War es Zufall? Ich war ein eher nüchtern und wissenschaftlich denkender Mensch und glaubte an alles andere als an Wiedergeburt. Wenn ich daran dachte, wie viele Napoleon Bonapartes es in der Welt gab, wusste ich Bescheid. Wenn irgendein Mensch von sich behauptete, wiedergeboren zu sein, dann war er ein Kaiser oder König gewesen, aber nie geringer. Jetzt hatte ICH aber dagegen Visionen, genau wie dieser geistig verwirrte Mann, der auch noch exakt vor dem Tag meiner Geburt stirbt. War es doch an mir, den Verstand zu verlieren, oder war ich gar schon soweit? „Selber merkt man es am wenigsten“, pflegte mein Vater immer zu sagen. Ich musste es genau wissen, ob ich damit zu tun hatte. Peter wusste offensichtlich nicht, was er mir da geschickt hatte. Ich würde ihn um einen Gefallen bitten. Ich hatte jedenfalls nicht vor, bei dem Versuch zu sterben, meine Vergangenheit zu klären. Ich wählte nochmals Peters Handy an.

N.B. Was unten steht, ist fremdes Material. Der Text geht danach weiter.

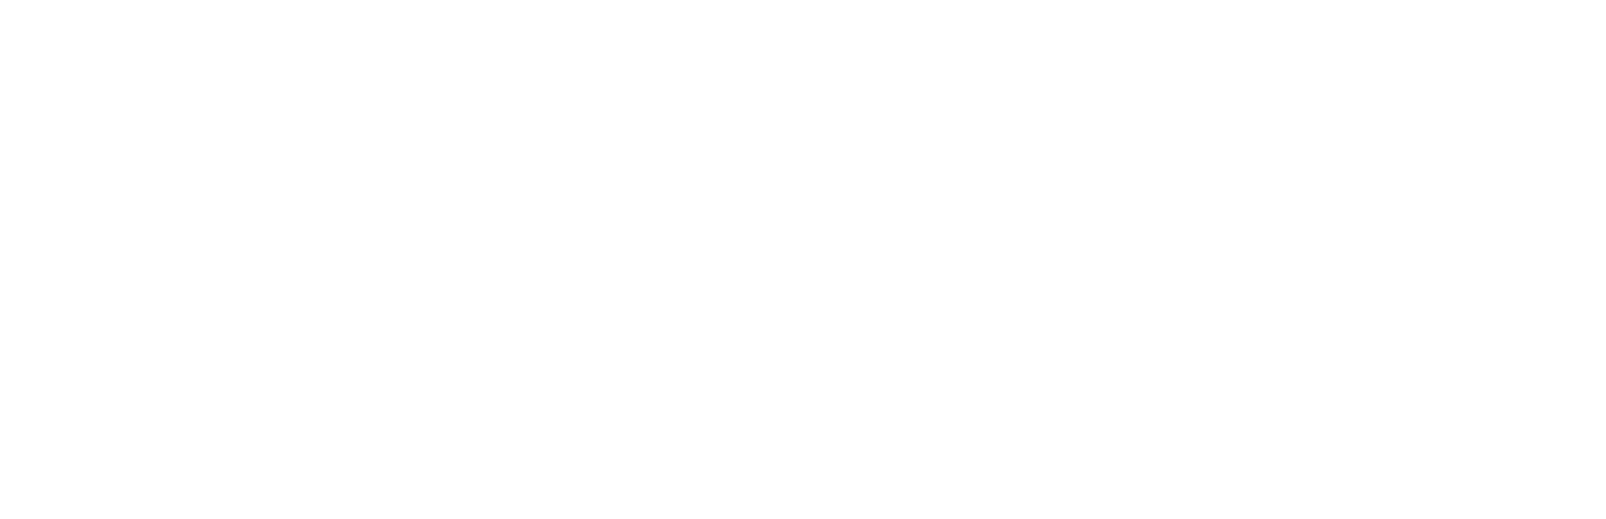 Zebra Technologies logo large for dark backgrounds (transparent PNG)

„Du rufst ja zu immer besseren Zeiten an!“ „Hab ich dich geweckt?“

„Nein, aber wir observieren gerade einen Dealer. Ich sitze im Heck eines blick- und geräuschdichten Vans. Der Drecksack hatte eben nichts Besseres zu tun, als mir ans Hinterrad zu pinkeln. Was gibts denn noch?“

„Ich habe deine Mail erhalten. Der Artikel war echt interessant. Da war von einem Jürgen H. aus Sprendlingen die Rede. Könntest du mir einen Gefallen tun und feststellen, ob er noch lebende Verwandte hat?“

„Hast du vor, ihn zu beerben?“ Mit etwas Galgenhumor antwortete ich ihm: „Könnte schon sein, dass ich etwas von ihm geerbt habe. Aber im Ernst, er hat sich mit Ägyptologie beschäftigt und es könnte sein, dass mir die Familie die eine oder andere Frage beantworten kann.“

„Das war mir neu, dass du dich mit dem Zeug beschäftigst. Aber wenn ich mich recht erinnere, hast du mir ja diesen Steinklotz damals recht schnell übersetzt. Ein Maikäfer oder so, nicht wahr?“

„Fast, ein Skarabäus, um genau zu sein.“ „Jaaa, richtig, jetzt fällts mir wieder ein, sehr alt, von Moses!“

„So was wie dich nennt man halbgebildet. Es war Thutmosis, der Dritte.“

„Ich sehe schon, du hast da mehr Ahnung als ich. Aber ich klemme mich dahinter und sage dir Bescheid. Mensch, der Typ pieselt mir schon wieder ans Auto. Ich geh jetzt gleich da raus und hau dem auf die Zwölf!“ Ich dankte ihm erneut und beendete das Gespräch. Ich war so aufgeregt wie schon lange nicht mehr. Ich fand kaum Schlaf in dieser Nacht. Ich hatte nun doch wieder etwas Angst zu träumen, aber irgendwann klappten mir dennoch die Augen zu und ich fiel in unruhigen Schlaf.